The immune system of the nematode worm Caenorhabditis elegans can be manipulated with antipsychotic drugs — drugs that affect the nervous system — to control inflammation in the gut, researchers reported. The finding suggests that the gut-brain connection seen in worms may exist in people as well, and antipsychotics a way of manipulating the immune system of patients with conditions like inflammatory bowel disease (IBD).
The study, “Neural Inhibition of Dopaminergic Signaling Enhances Immunity in a Cell-Non-autonomous Manner,” was recently published in the journal Current Biology.

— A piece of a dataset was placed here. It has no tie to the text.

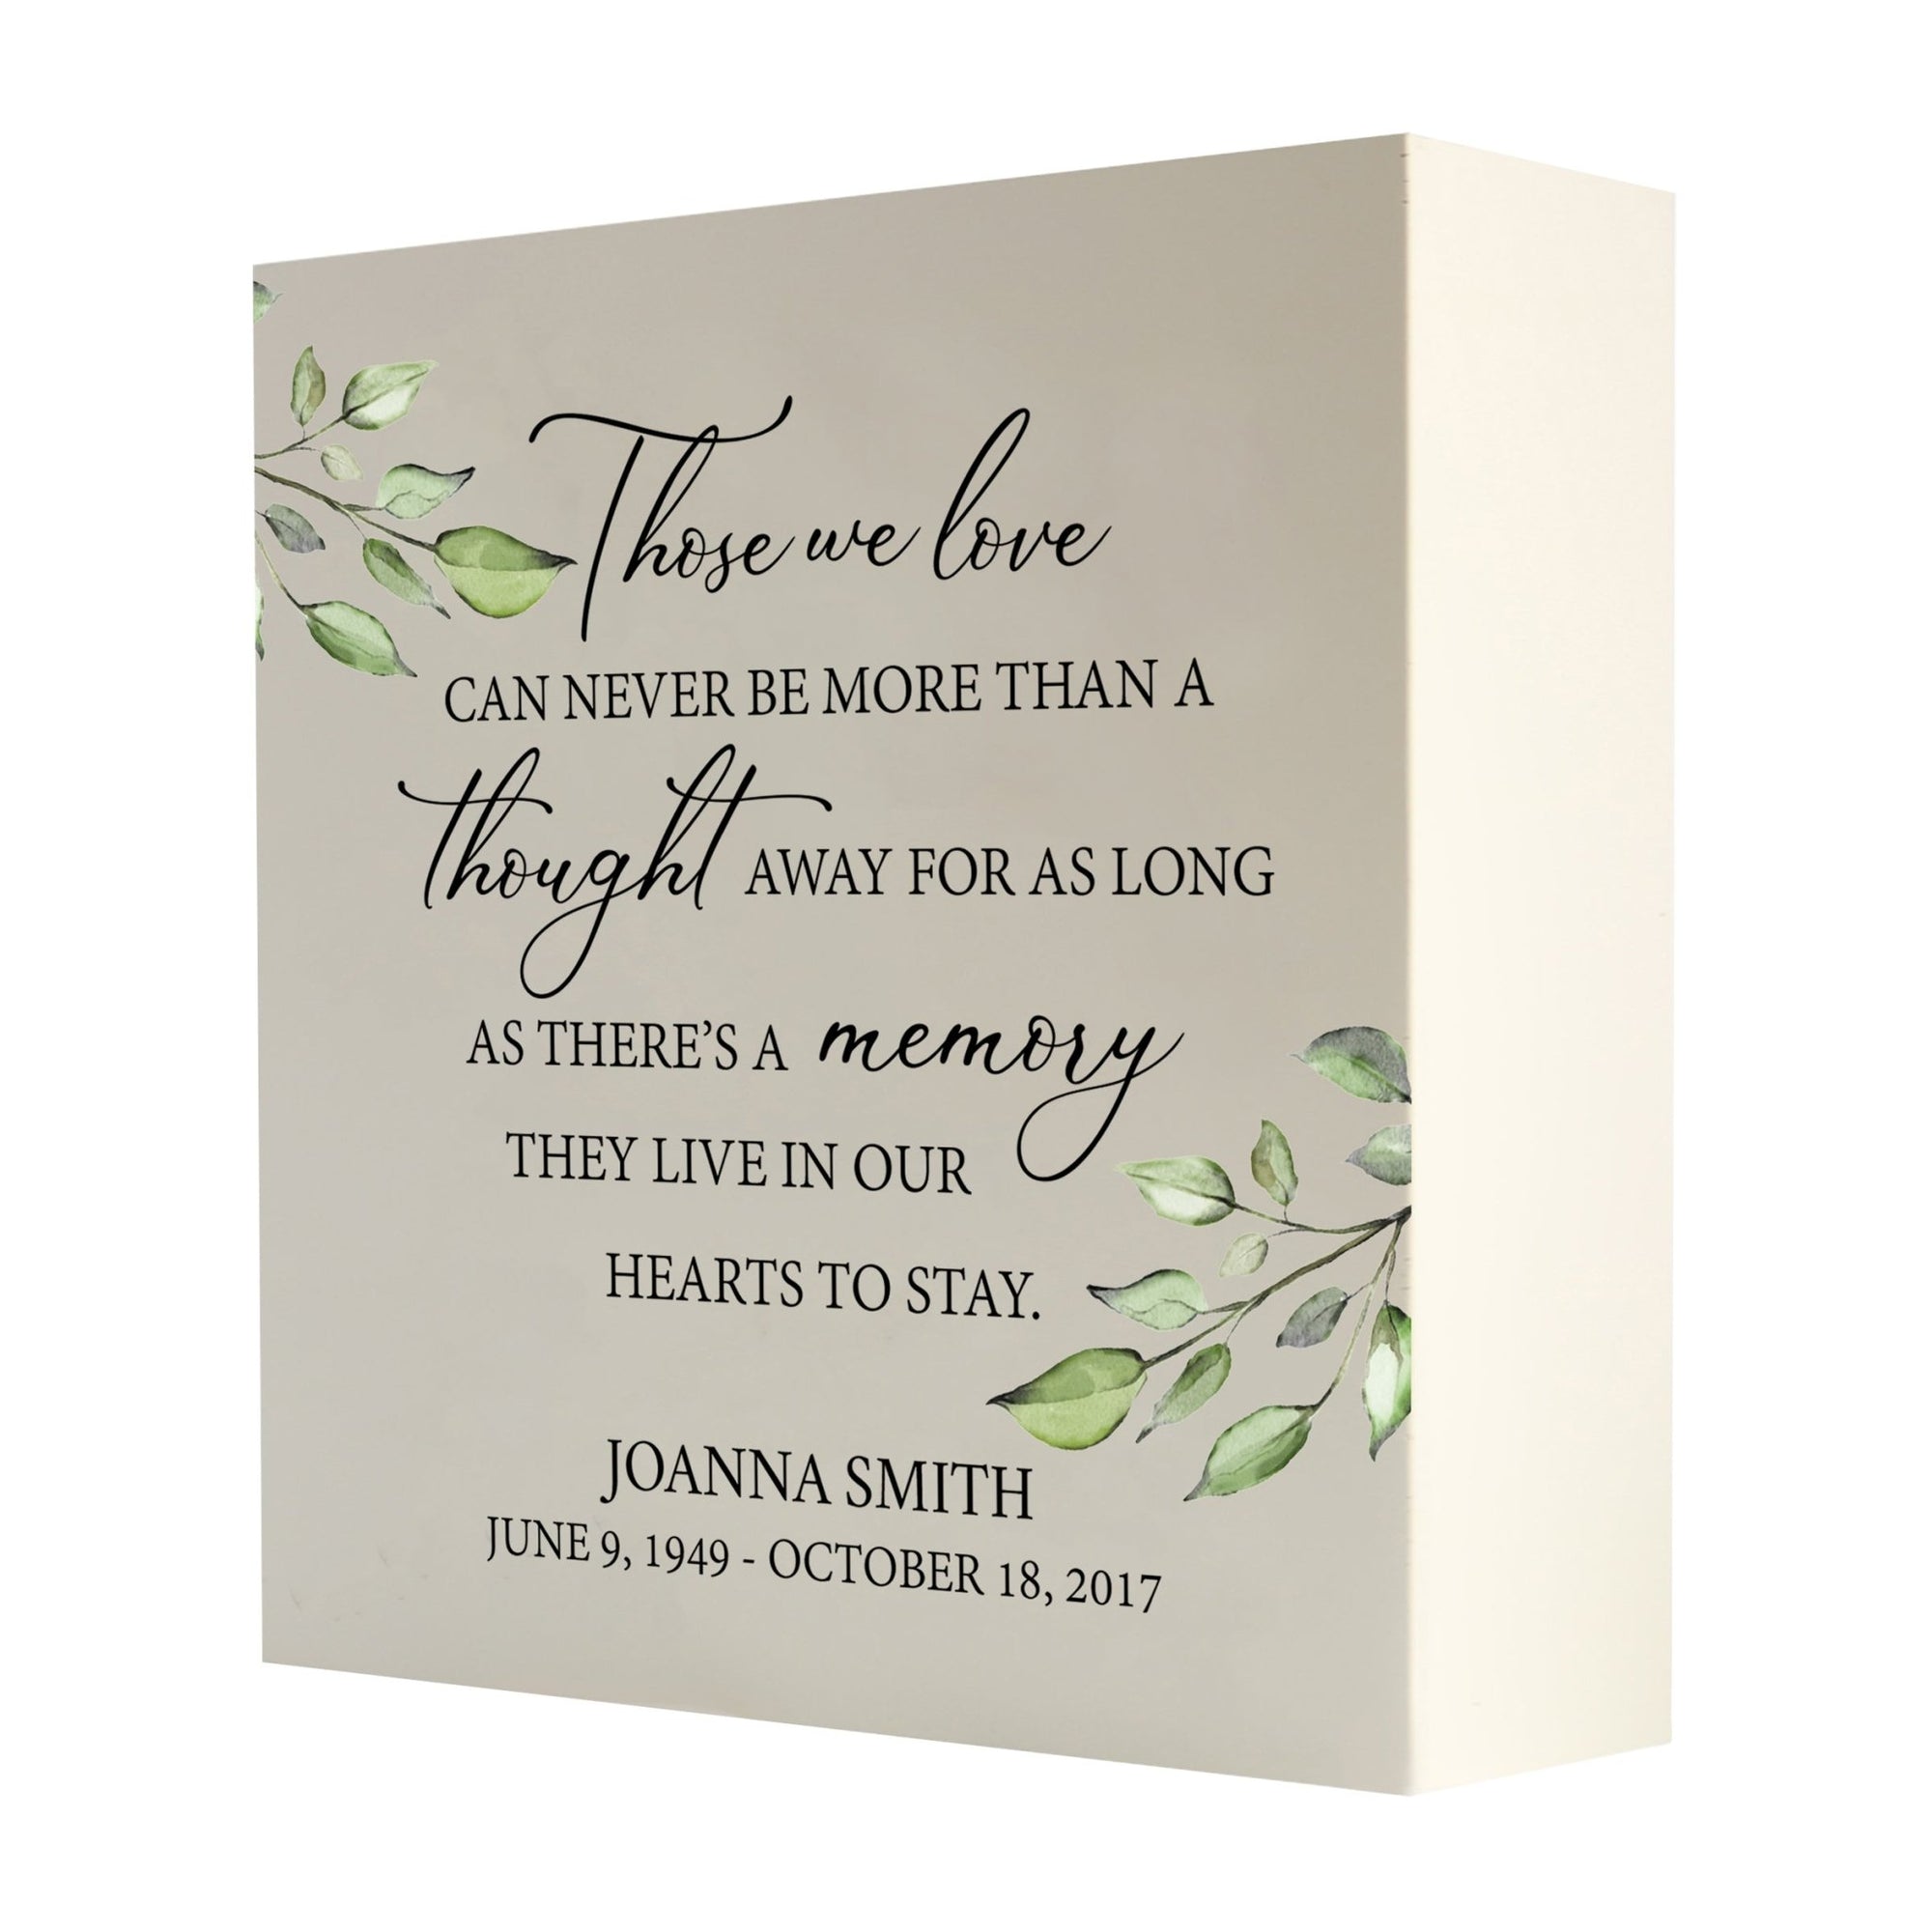 Personalized Modern Inspirational Memorial Wooden Shadow Box and Urn 10x10 holds 189 cu in of Human Ashes - Those We Love (Ivory) - LifeSong Milestones
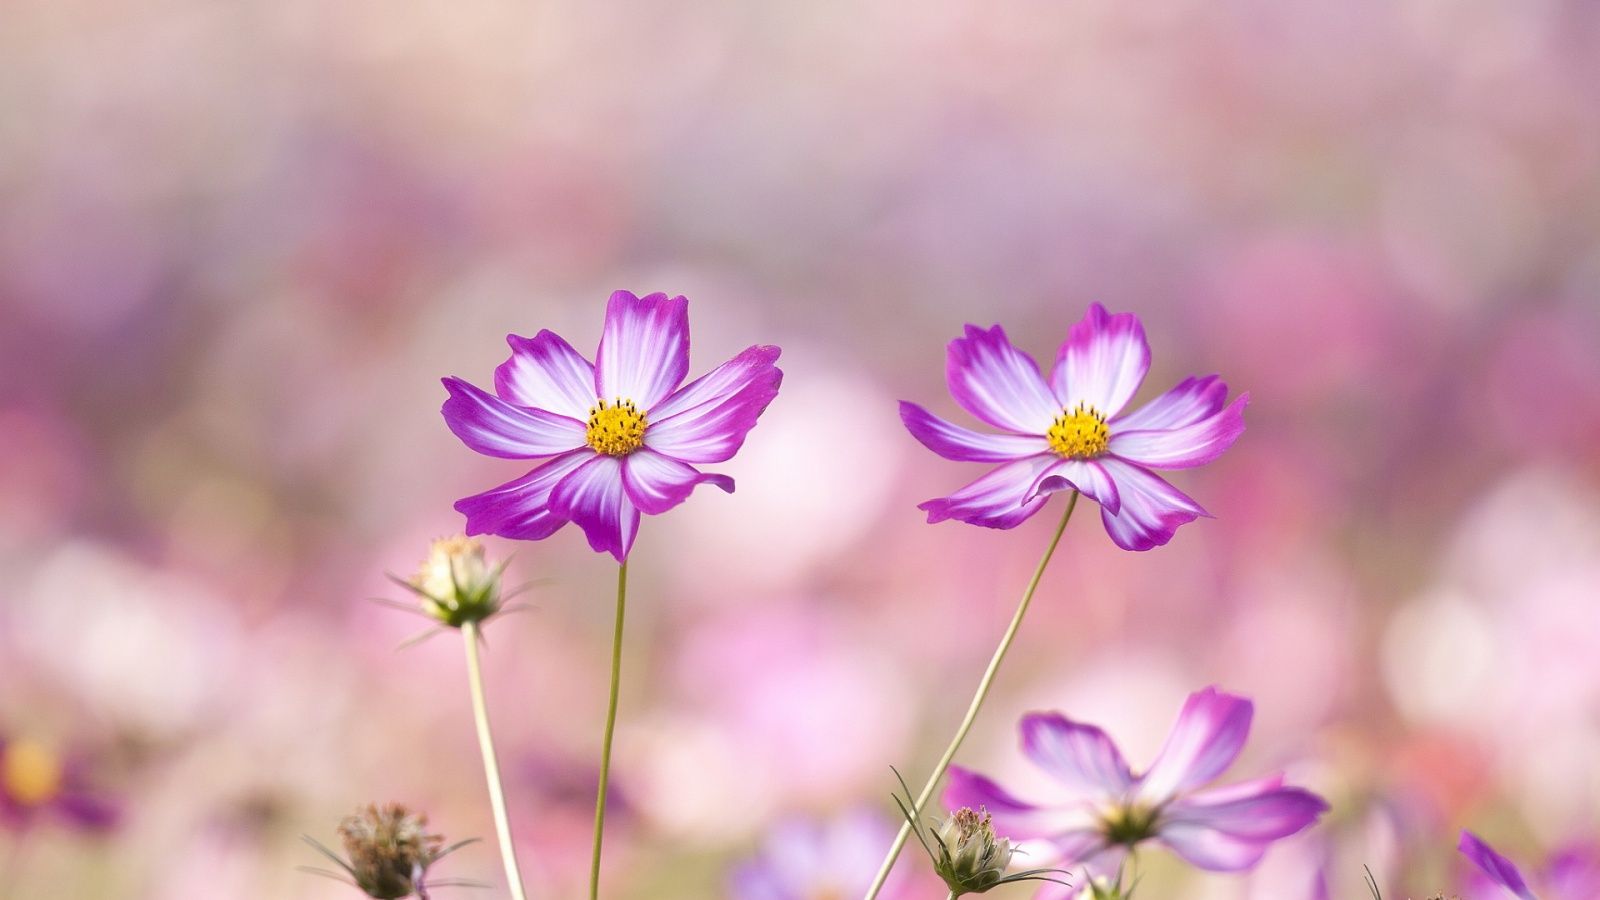 22 Description: The Wallpapers above is Summer flowers hd Wallpapers

Conducted in the laboratory of Alejandro Aballay, PhD, a professor of molecular genetics and microbiology at Duke School of Medicine, the study aimed to understand how the neurotransmitter dopamine — well-known for its affects on the brain’s reward and pleasure centers — controls innate immune responses in the intestines of C. elegans, and how this signaling pathway is involved in the differentiation between good and bad microbial organisms living in the gut.
In a Duke press release, Aballay explains why using C. elegans as an experimental model was important. “Worms have evolved mechanisms to deal with colonizing bacteria. That is true for us as well,” he said. “Humans have trillions of microorganisms in our guts, and we have to be careful when activating antimicrobial defenses so that we mainly target potentially harmful microbes, without damaging our good bacteria — or even our own cells — in the process.”
To conduct this dopamine signaling assessment, Aballay and his team blocked the neurotransmitter’s normal mechanisms with the drug chlorpromazine, an antipsychotic drug most often prescribed to treat patients with schizophrenia and manic depression, in one set of C. elegans.
These animals were then compared to another set of worms kept as controls, which did not have their dopamine manipulated.
After a comparative analysis of both groups, the researchers found that:
- C. elegans who received chlorpromazine were more resistant to infection by the common pathogen Pseudomonas aeruginosa than control worms
- C. elegans whose dopamine levels were manipulated to be artificially high after chlorpromazine treatment were no longer resistant to Pseudomonas aeruginosa
The findings suggest that the dopamine signaling mechanism acts by dampening the body’s inflammatory response, so it does not exceed normal limits.
“We are talking about an existing set of drugs and drug targets that could open up the spectrum of potential therapeutic applications by targeting pathways that fine-tune the inflammatory response,” Aballay said. And, he added, “The nervous system appears to be the perfect system for integrating all these different physiological cues to keep the amount of damage in check.”
C. elegans’ intestinal and immune system anatomy and physiology is different and far less complex than that of a human’s. Knowing this, Aballay admits that it would be a “big leap” to assume that these results will be confirmed in clinical trials. But, if they were, it would mean that these drugs could potentially have a therapeutic impact in conditions associated with abnormal immune reactions within the gut, such as IBD.